People & Work is an independent charity, established in 1984, working in Wales.

We set up as People and Work Unit but now just go by People and Work. Over the years people have often asked what our name means – we have been mistaken for an employment agency and often called People in Work or even The People’s Work Unit. For our founders the confusion was deliberate, because it has helped us avoid being pigeon holed.

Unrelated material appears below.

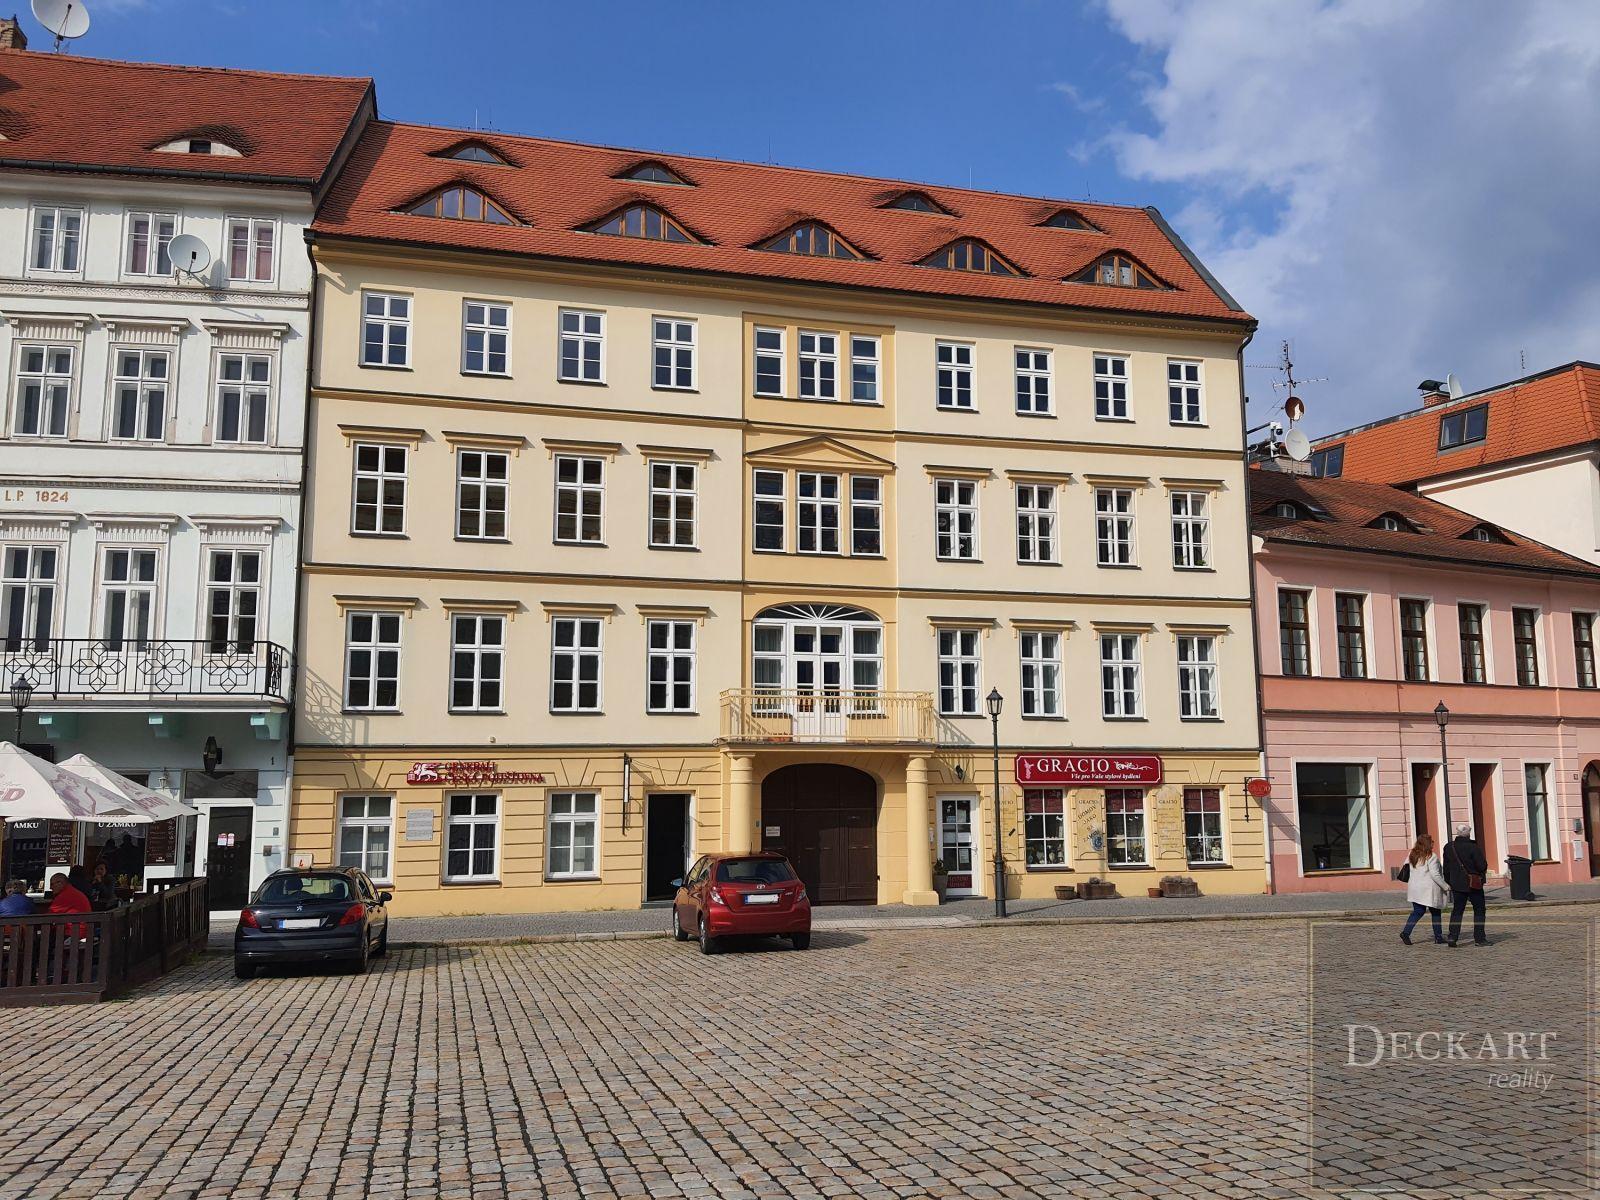 Pronájem nebytových prostor, 110 m2, Teplice - Zámecké náměstí

We work with the public, voluntary and community sectors occupying a liminal space between them. In each case our focus is that our work should support agencies and community organisations to develop what they do, to be as effective as they can, whether this is neurodevelopmental services supporting families; the inclusiveness of education services; how to evaluate community work; or how to support community leaders. Our model has always included earning income from evaluation and research work for the voluntary and public sectors and having a mixed funding base for community work and this has enabled us to preserve our independence over the years.

 

What have we done?

 

We have worked with individuals and with whole communities; with the services that support them (including education, health, social care, employment support); and with community and voluntary organisations that work with them. From the beginning People and Work has seen the elements of people’s relationship with work as encompassing all aspects of their life experience and this is what has shaped our work. We have focused on:

  • Education and qualifications – over the years people have needed more qualifications, increasingly needing evidence of success even for low skilled work: as one project participant remarked ‘the employer can see that if you didn’t bother at school you probably won’t bother in work’;
  • Individual capabilities: some people find gaining skills and qualifications easier than others; some people have leadership qualities
  • Community capabilities: Residents of poorer communities often lack the necessary resources, opportunities, and capabilities to find and maintain jobs with decent pay, so they are less likely to work than people living in higher income communities (U S Bureau of Labour Statistics March 2020)
  • Equality of access to opportunities – disability and health, growing up in poverty or in difficult circumstances, where you live, caring responsibilities etc…. all impact on access to opportunities
  • The quality of the help available – CFW+; PaCE etc…. services that offer support do not always meet needs
  • Changing skills required – digital literacy; social and emotional literacy
  • Poverty – its mitigation, understanding its impact, how it shapes capacity

 

“At its core People and Work has a culture of kindness. What People and Work has always stood for, what it seeks to do in practice and what it encourages society to become is based on kindness towards each other and society. This includes personal issues and social, economic and political justice. I believe these cannot be separated. People and Work has never been a ‘shouting from the rooftops’ organisation but has provided the research and practical evidence which, if followed to its logical conclusion, should lead to a kinder, more just world”.